The relevant constructor of std::function is:

template<class F> function(F f);

which is a template that accepts any type.

The C++14 standard does constrain the template (since LWG DR 2132) so that it:

shall not participate in overload resolution unless f is Callable (20.9.12.2) for argument types ArgTypes... and return type R.

which means that the compiler will only allow the constructor to be called when Functor is compatible with the call signature of the std::function (which is void(int, int) in your example).
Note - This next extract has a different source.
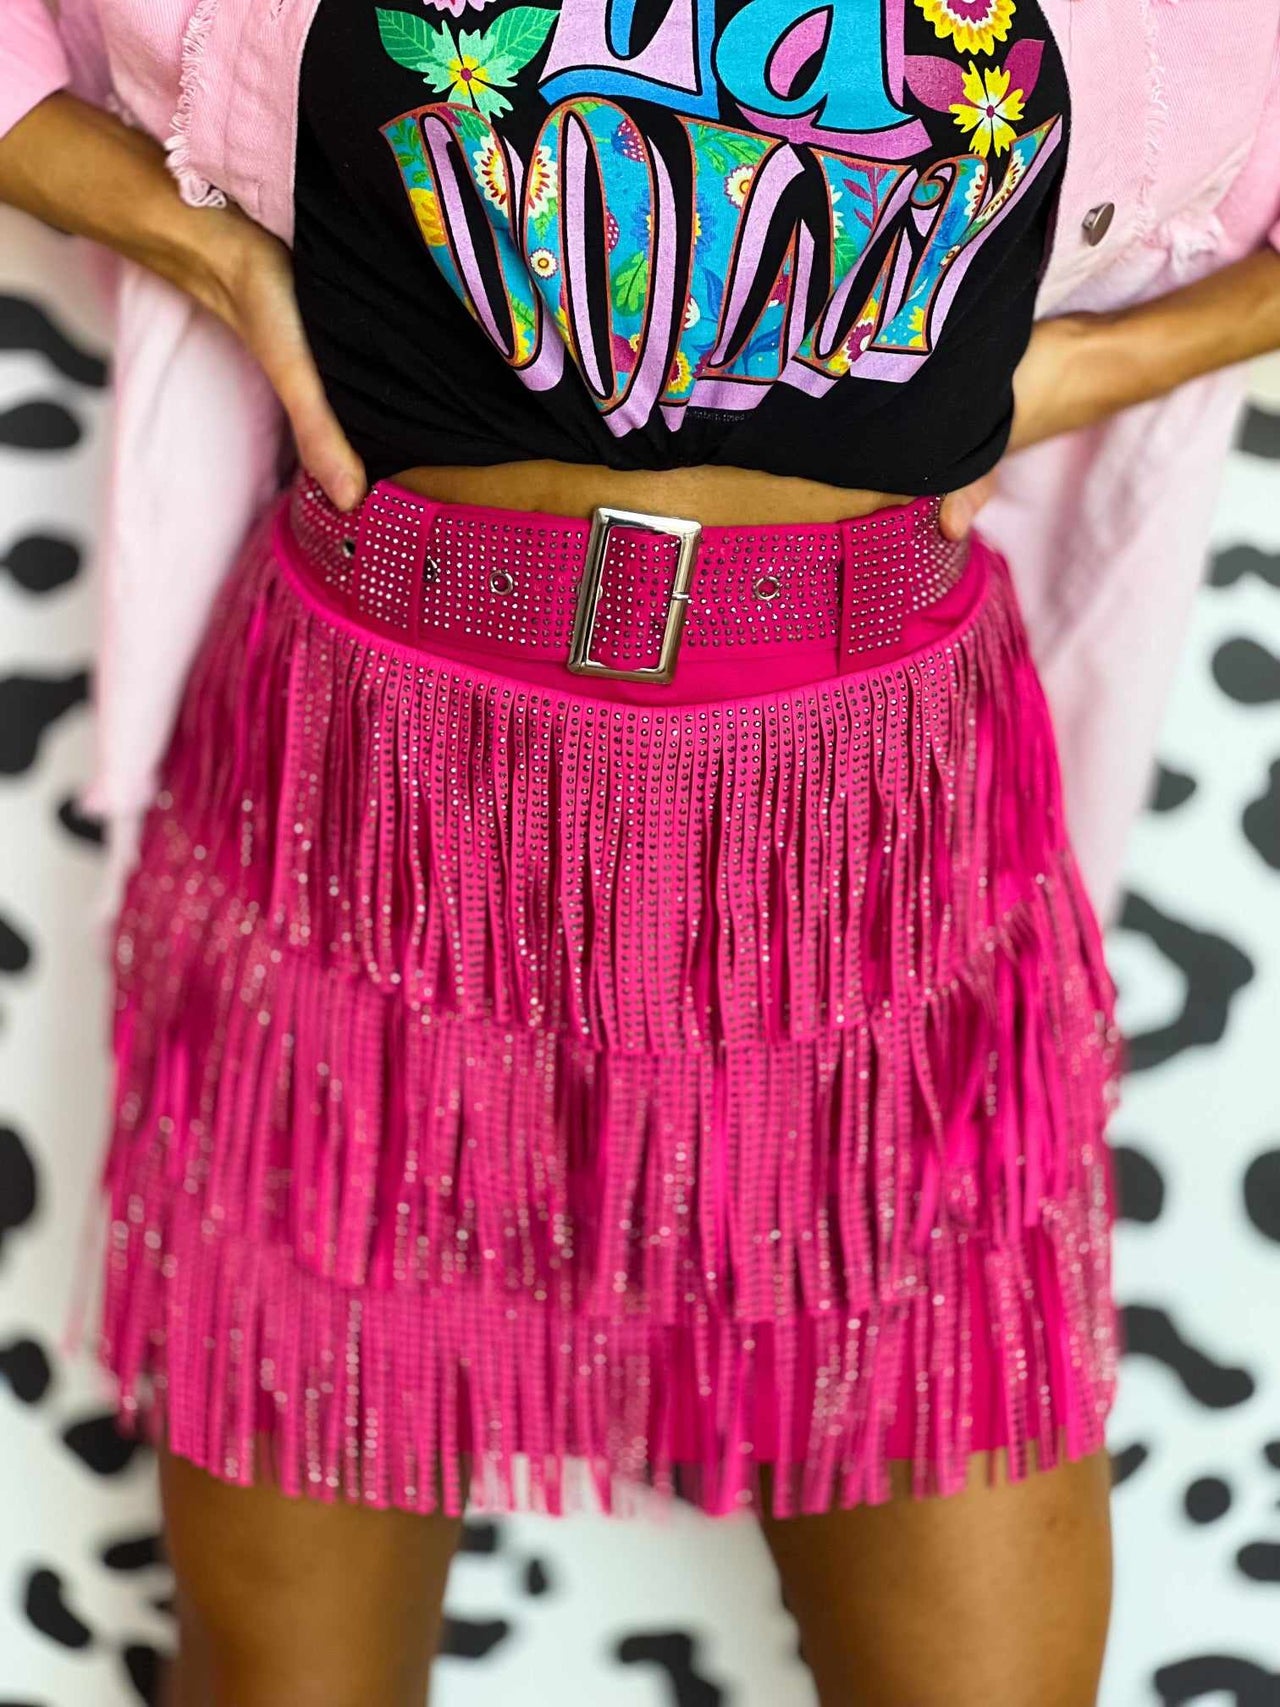 Pink mini skirt with fringe.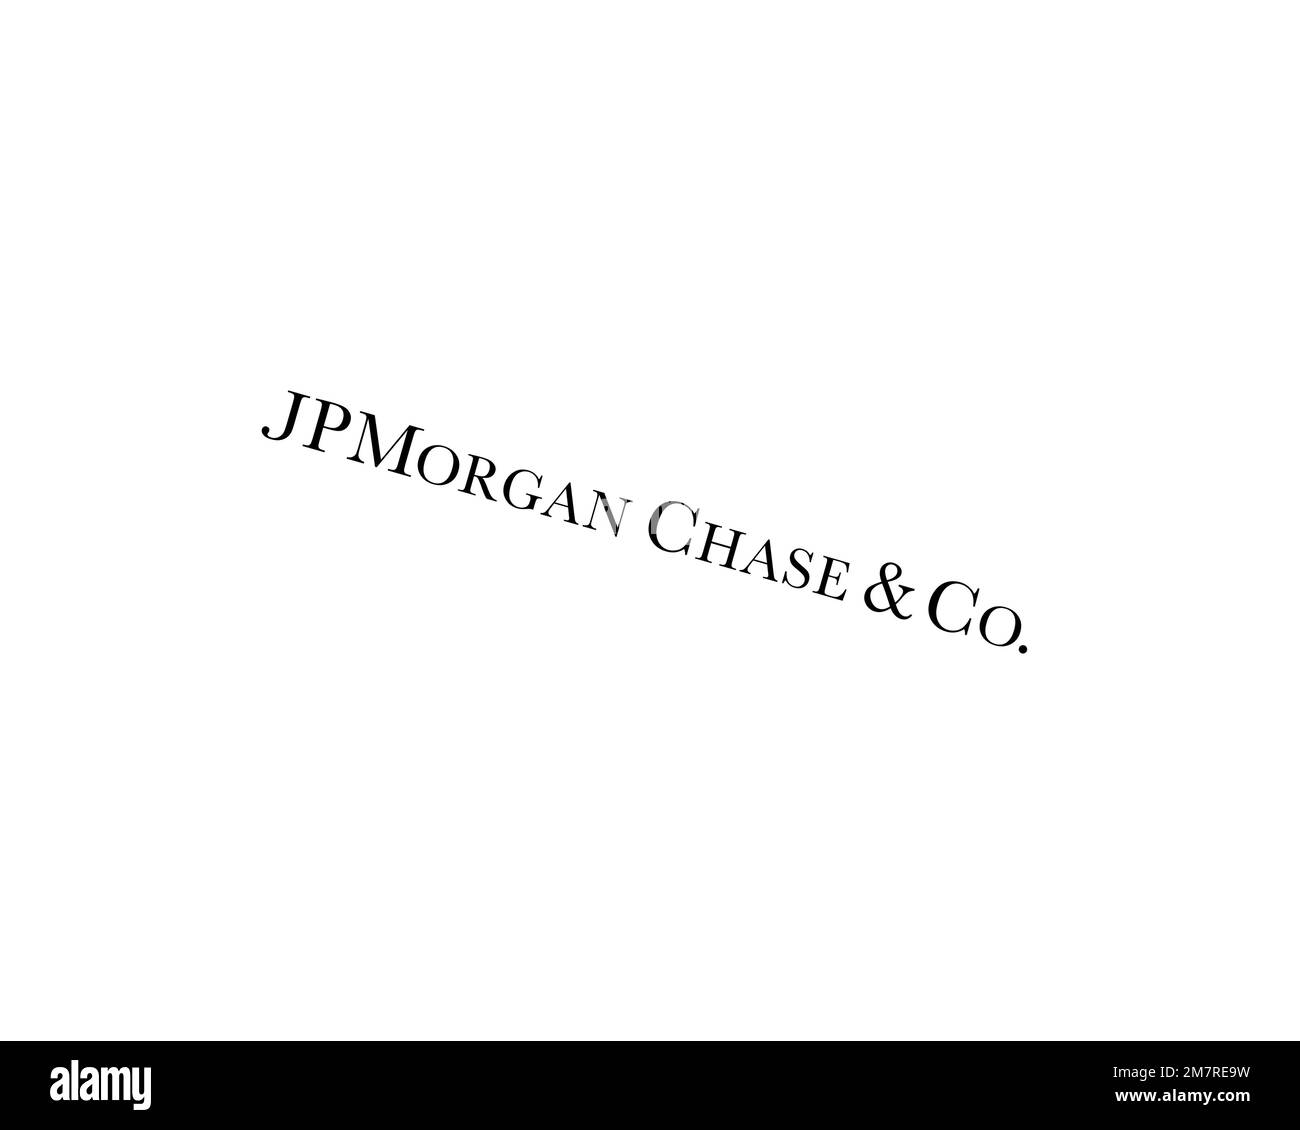 JPMorgan Chase, rotated logo, white background B Stock Photo - Alamy

In theory that should mean that void add(A, A) is not a viable argument and so "obviously" you intended to use void add(int, int).

However, the compiler can't test the "f is Callable for argument types ..." constraint until it knows the type of f, which means it needs to have already disambiguated between void add(int, int) and void add(A, A) before it can apply the constraint that would allow it to reject one of those functions!

So there's a chicken and egg situation, which unfortunately means that you need to help the compiler out by specifying exactly which overload of add you want to use, and then the compiler can apply the constraint and (rather redundantly) decide that it is an acceptable argument for the constructor.

It is conceivable that we could change C++ so that in cases like this all the overloaded functions are tested against the constraint (so we don't need to know which one to test before testing it) and if only one is viable then use that one, but that's not how C++ works.

Why doesn't std::function participate in overload resolution?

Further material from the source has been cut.